Chemical and Textural Characterization of Iron Oxide Nanoparticles and Their Effect on the Thermal Decomposition of Ammonium Perchlorate

Metal oxide nanoparticles have been used as burning rate catalysts for ammonium perchlorate (AP) decomposition in composite solid propellants. Though most papers point to the efficiency of different sizes, shapes and compositions, the texture of the agglomerated particles plays an important role in the catalytic efficiency, but this aspect is not always discussed. In this paper, iron oxide and composite iron oxide/silica powders were synthesized in microemulsion systems and their effect on the decomposition of AP was investigated. X‐ray diffraction (XRD) analysis and Fourier transformed infrared spectroscopy (FT‐IR) showed that the synthesized powders have an amorphous to nanocrystalline pattern, with Fe 2 O 3 composition.
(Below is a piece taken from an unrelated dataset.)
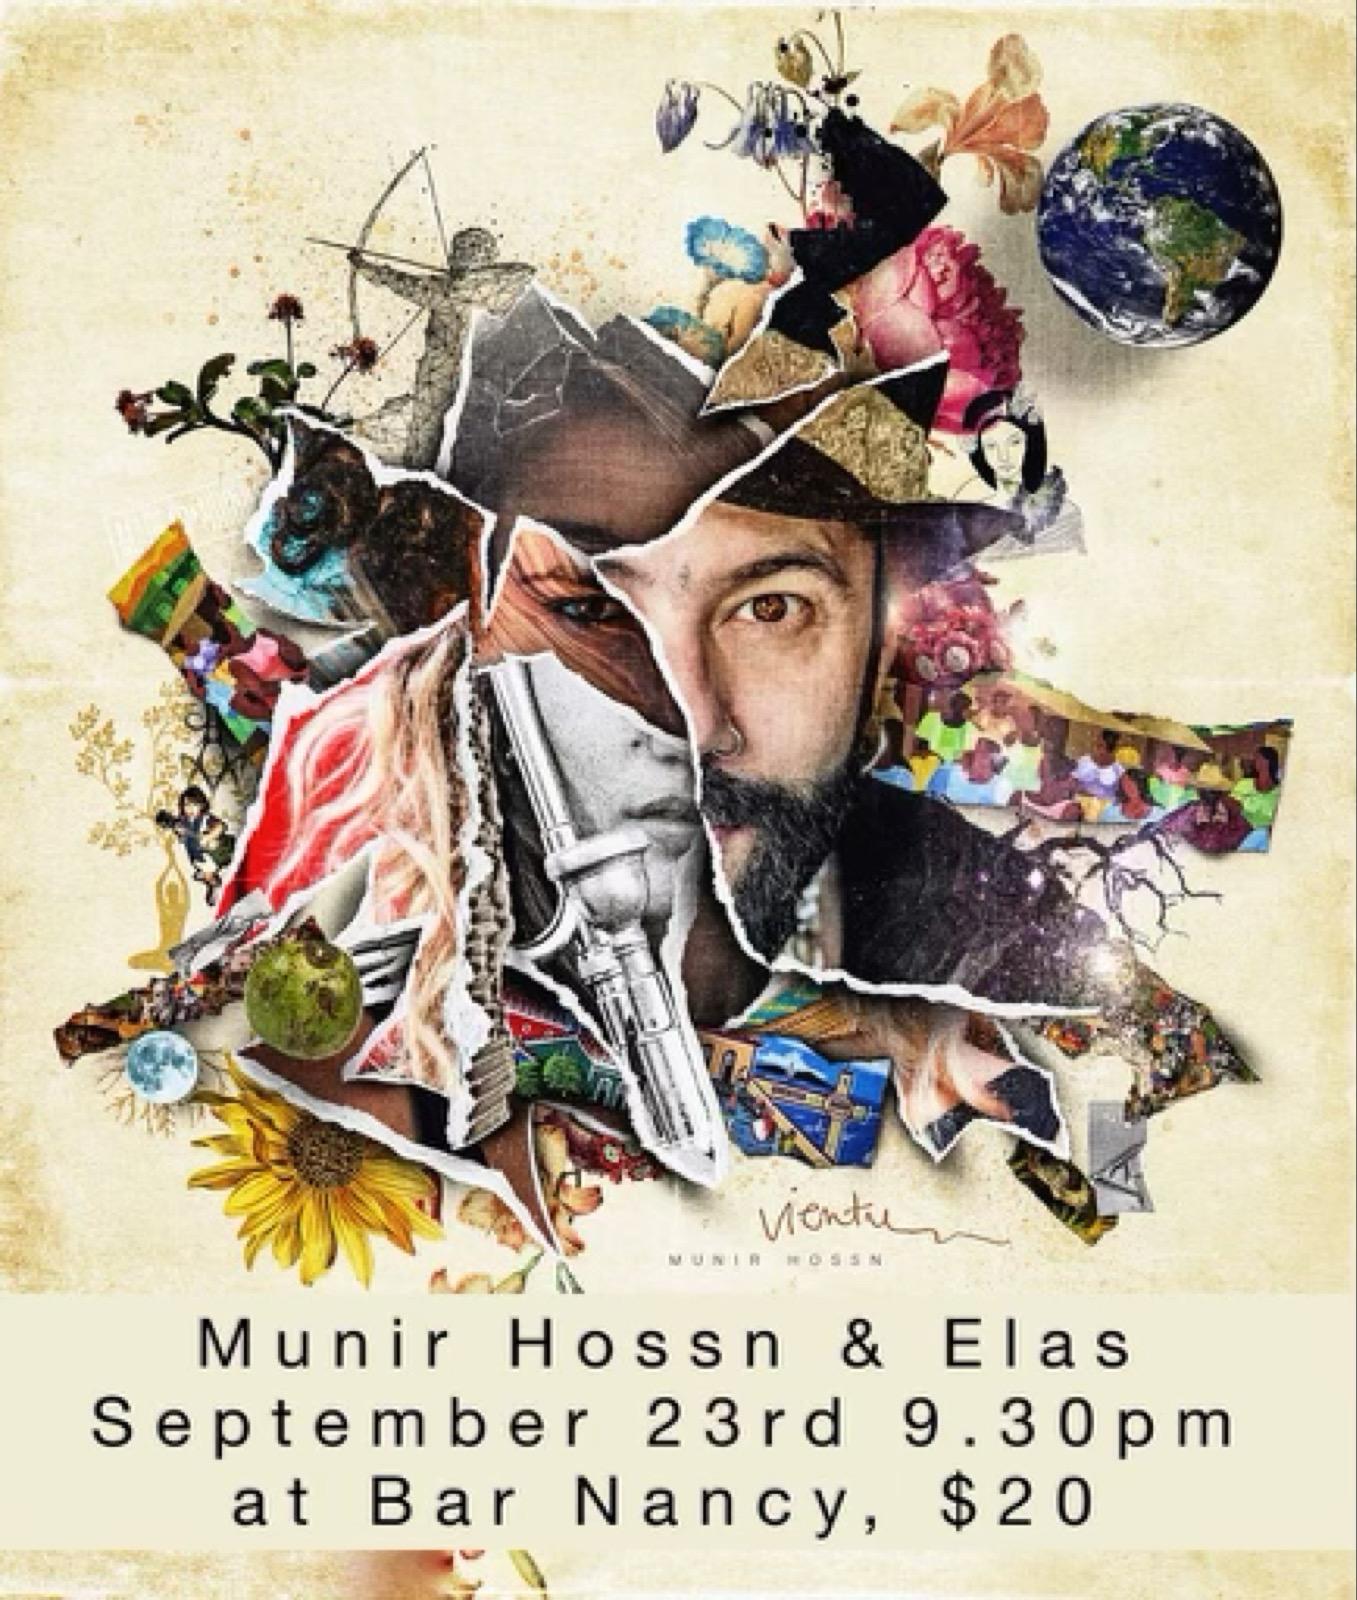 Munir Hossn & Elas at Bar Nancy Sep 23 at 9:30pm $20

The use of different FT‐IR spectroscopic techniques – transmission, diffuse reflectance (DRIFT) and universal attenuated total reflectance (UATR) – allied to electron microscopy analysis allowed the characterization of the samples’ surface, indicating that silicon oxide forms a thick matrix that covers the iron oxide nanoparticles. Adsorption of N 2 , light scattering and electron microscopy pointed that all samples are formed by mesoporous agglomerated nanoparticles containing micropores indicating that silicon oxide forms a thick matrix that covers the iron oxide nanoparticles. Adsorption of N 2 , pointed that all samples show different microstructures and light scattering indicated results refer to agglomerated particles. Finally, the catalytic effect of the samples on the decomposition of AP was evaluated by thermogravimetric analysis coupled to differential thermal analysis (TG/DTA), showing that only the high temperature decomposition step of AP was affected by the catalyst, shifting to lower temperatures the higher the surface area of the synthesized iron oxide sample, regardless of the presence of the silica matrix.